Did they not see themselves as looking for reasons to be angry, fueling up for the next fight, if often, it must be said, under the scrim of anonymity, though who could blame them for not wanting to risk having abuse rain down on their heads like holy fire?
The anonymity struck me too coy by half; also, strategic. I could appreciate that someone who said they’d experienced trauma might not want to confront the person who’d hurt them. But the retribution the accusations unleashed, there was no way to scale them.
Very few people can withstand hundreds of thousands of people yelling at them at once, with having their homes spray-painted with the word RAPIST and their children targeted for death.
Those who saw these campaigns as retrogressive would sometimes wade in to cool things down, whereupon they were set upon, resulting in a lot of people wanting to stay the fuck out of the whole thing.
I was not good at staying out of the whole thing, at not saying the quiet part out loud, at not seeing an Internet populated with people in a love affair with pain.
I pictured them spending private time raking their fingernails over themselves to open new access points, to keep the wounds fresh. The accused, in the meantime, sometimes became suicidal, or went into hiding, or embarked on apology tours meant to appease the accusers…
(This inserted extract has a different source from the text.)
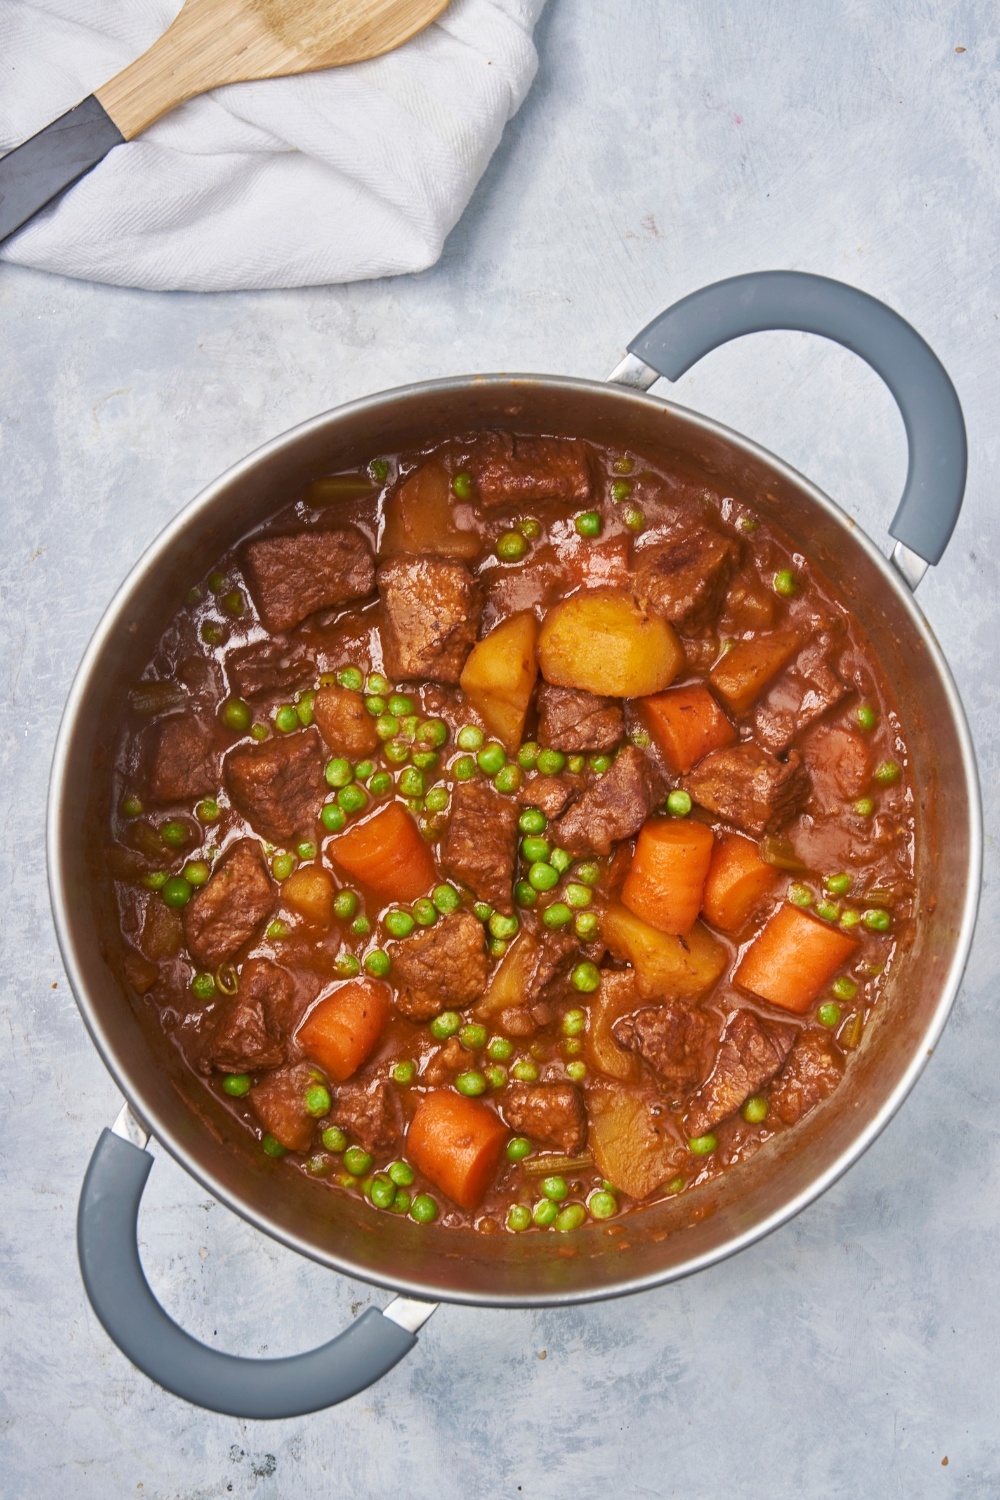 Peas, potatoes, carrots, and stew meat in broth in a pot.
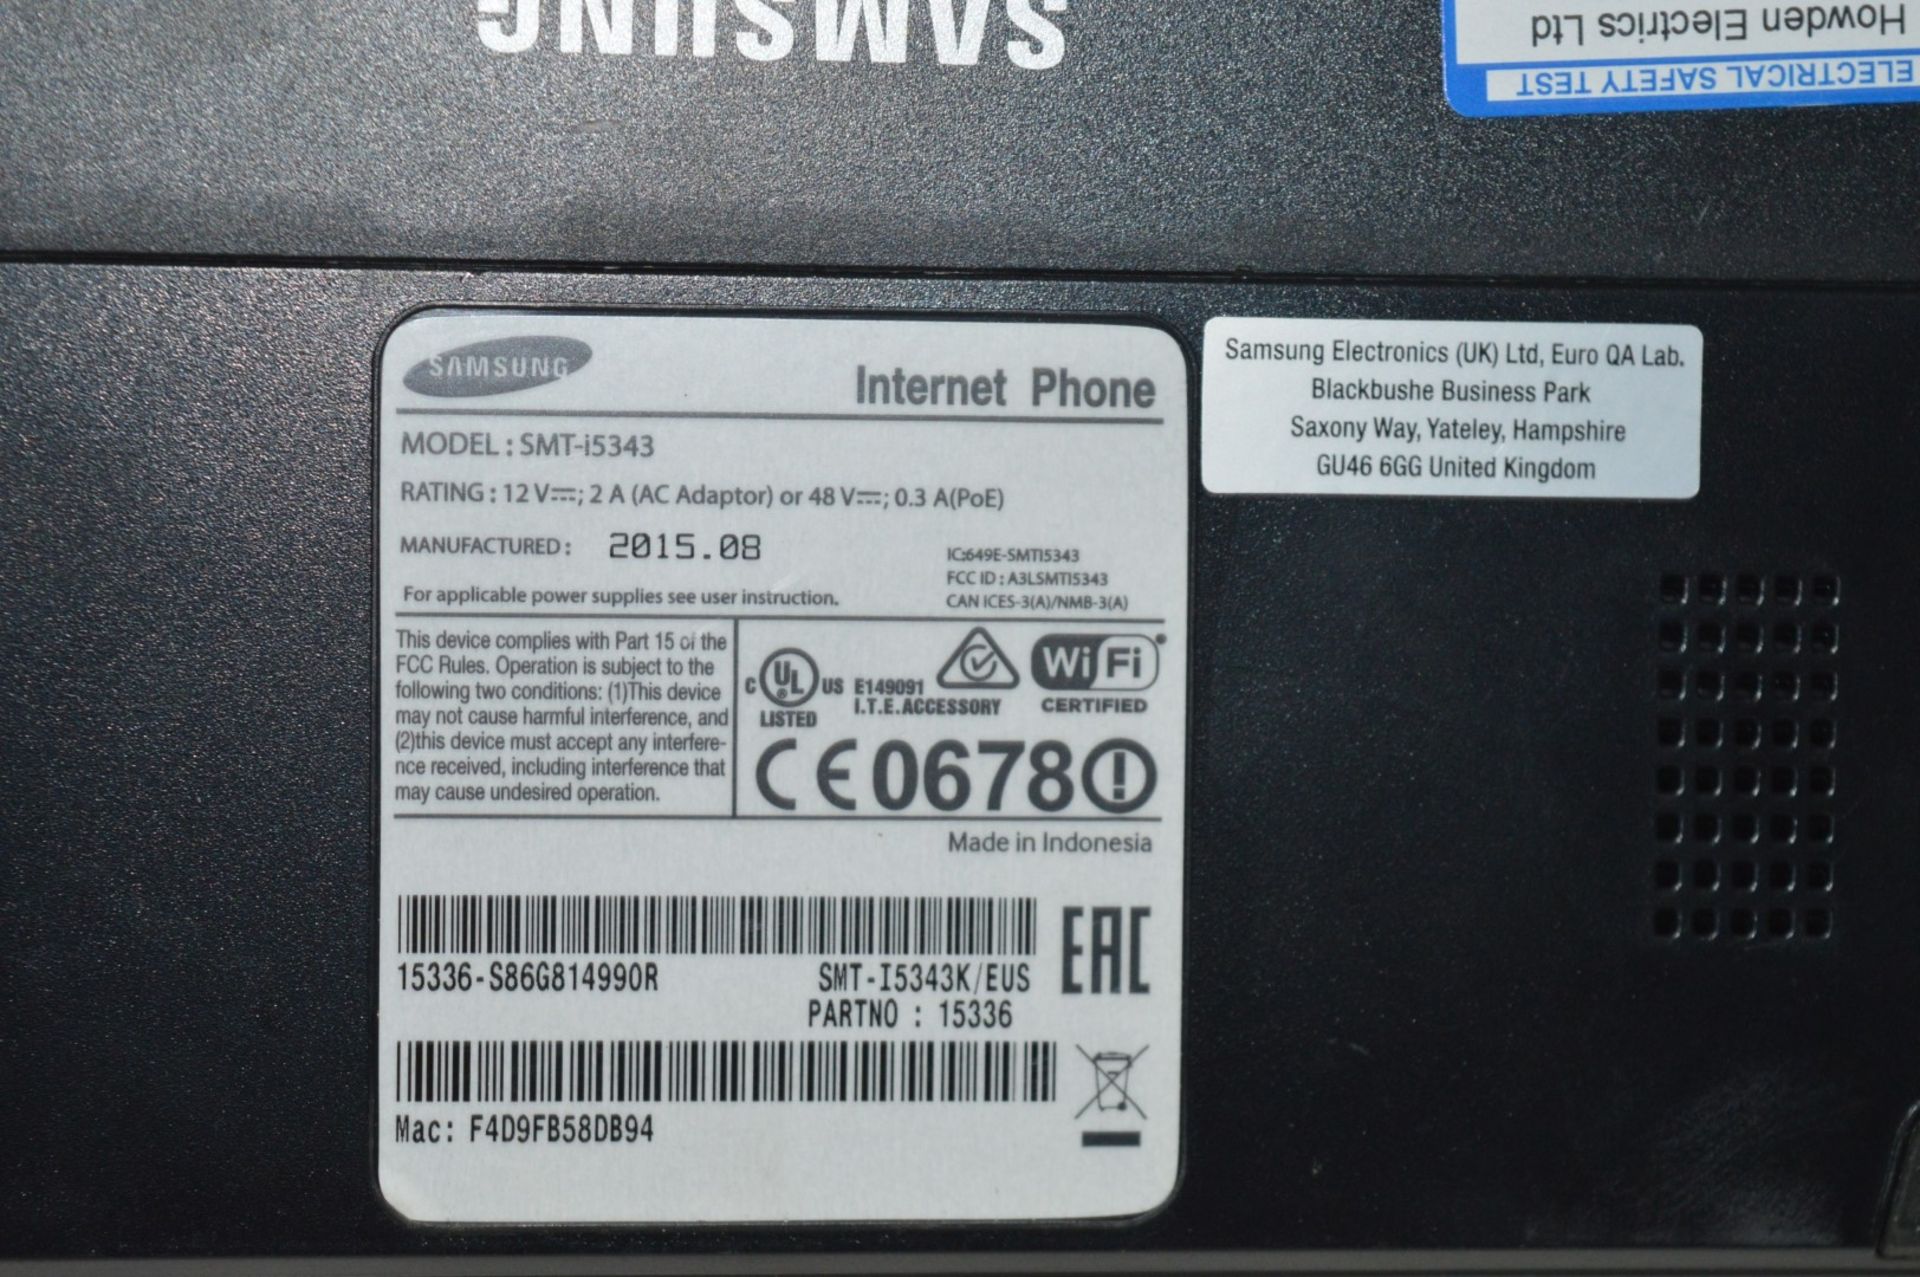 2 x Samsung SMT-i5343 IP Internet Phones with WiFi Ethernet Bluetooth & NFC - CL401 - Ref J1557/ - Image 4 of 7

…but which instead cast the accused in neon that blinked, “DIRECT YOUR OUTRAGE HERE!” And if on some level people intuited these things could get out of hand, could turn the aggrieved into the aggressor, maybe, the rationale went, the destruction of certain people...
... was necessary for society to progress, to give the previously marginalized or abused or dismissed full voice. In her 1972 essay, “The Women’s Movement,” Joan Didion wrote, “To make an omelette, you need not only those broken eggs but someone ‘oppressed’ to beat them...
... Every revolutionist is presumed to understand that, and also every woman, which either does or does not make 51 percent of the population of the United States a potentially revolutionary class.” Did I see much of the current movement, the new revolution, as driven by women?
I did. I knew it was, and I knew because it was so cyclonically powerful.